Sumu-la-ilu strengthened the defences of Sippar, restored the wall and temple of Cuthah, and promoted the worship of Merodach and his consort Zerpanitum at Babylon. He was undoubtedly one of the forceful personalities of his dynasty. His son, Zabium, had a short but successful reign, and appears to have continued the policy of his father in consolidating the power of Babylon and securing the allegiance of subject cities. He enlarged Merodach's temple, E-sagila, restored the Kish temple of Zamama, and placed a golden image of himself in the temple of the sun god at Sippar. Apil-Sin, his son, surrounded Babylon with a new wall, erected a temple to Ishtar, and presented a throne of gold and silver to Shamash in that city, while he also strengthened Borsippa, renewed Nergal's temple at Cuthah, and dug canals.
The next monarch was Sin-muballit, son of Apil-Sin and father of Hammurabi. He engaged himself in extending and strengthening the area controlled by Babylon by building city fortifications and improving the irrigation system. It is recorded that he honoured Shamash with the gift of a shrine and a golden altar adorned with jewels. Like Sumu-la-ilu, he was a great battle lord, and was specially concerned in challenging the supremacy of Elam in Sumeria and in the western land of the Amorites.
For a brief period a great conqueror, named Rim-Anum, had established an empire which extended from Kish to Larsa, but little is known regarding him. Then several kings flourished at Larsa who claimed to have ruled over Ur. The first monarch with an Elamite name who became connected with Larsa was Kudur-Mabug, son of Shimti-Shilkhak, the father of Warad-Sin and Rim-Sin.
It was from one of these Elamite monarchs that Sin-muballit captured Isin, and probably the Elamites were also the leaders of the army of Ur which he had routed before that event took place. He was not successful, however, in driving the Elamites from the land, and possibly he arranged with them a treaty of peace or perhaps of alliance.

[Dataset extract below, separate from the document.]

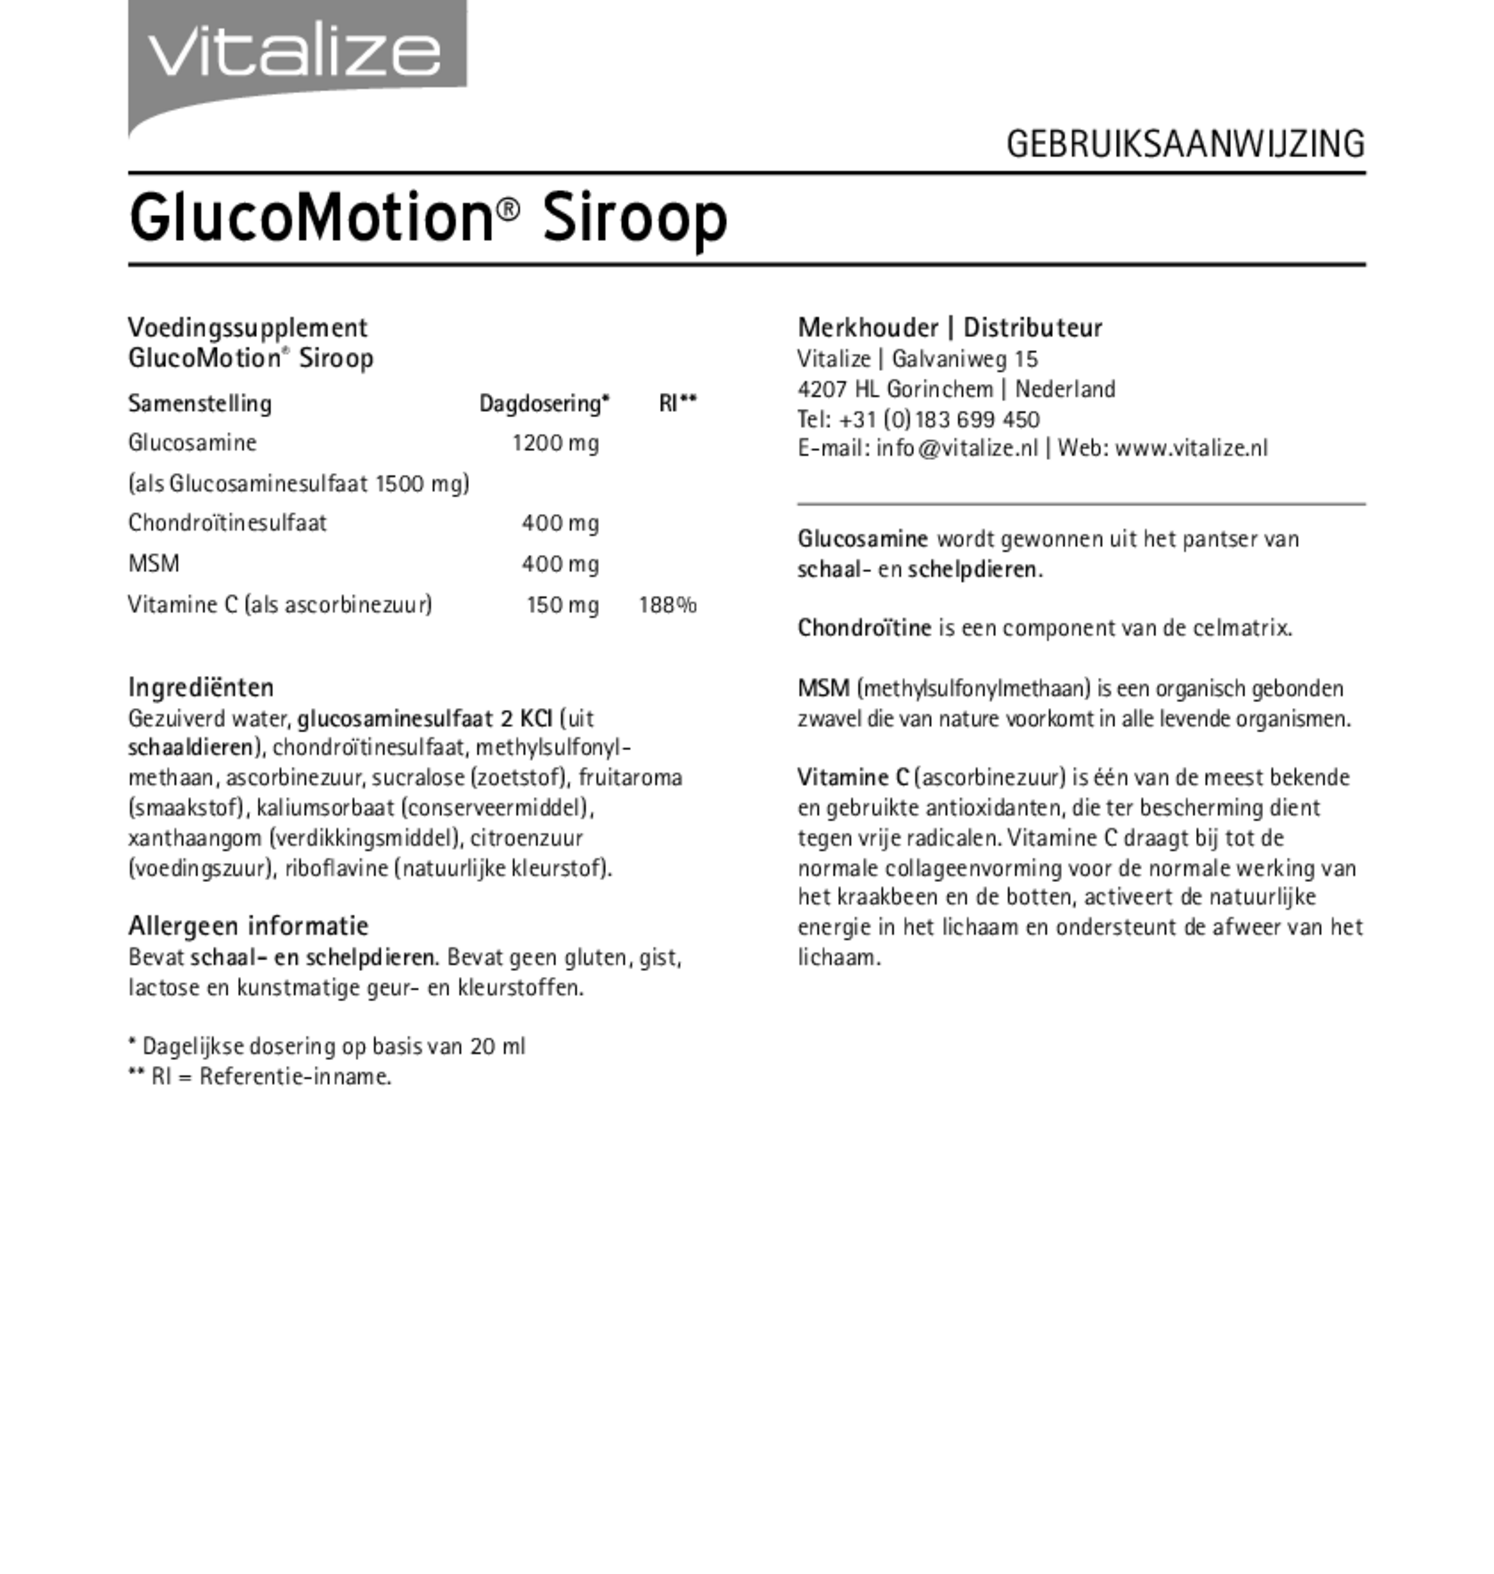 GlucoMotion Siroop afbeelding van document #1, gebruiksaanwijzing

Much controversy has been waged over the historical problems connected with this disturbed age. The records are exceedingly scanty, because the kings were not in the habit of commemorating battles which proved disastrous to them, and their fragmentary references to successes are not sufficient to indicate what permanent results accrued from their various campaigns. All we know for certain is that for a considerable period, extending perhaps over a century, a tremendous and disastrous struggle was waged at intervals, which desolated middle Babylonia. At least five great cities were destroyed by fire, as is testified by the evidence accumulated by excavators. These were Lagash, Umma, Shurruppak, Kisurra, and Adab. The ancient metropolis of Lagash, whose glory had been revived by Gudea and his kinsmen, fell soon after the rise of Larsa, and lay in ruins until the second century B.C., when, during the Seleucid Period, it was again occupied for a time. From its mound at Tello, and the buried ruins of the other cities, most of the relics of ancient Sumerian civilization have been recovered.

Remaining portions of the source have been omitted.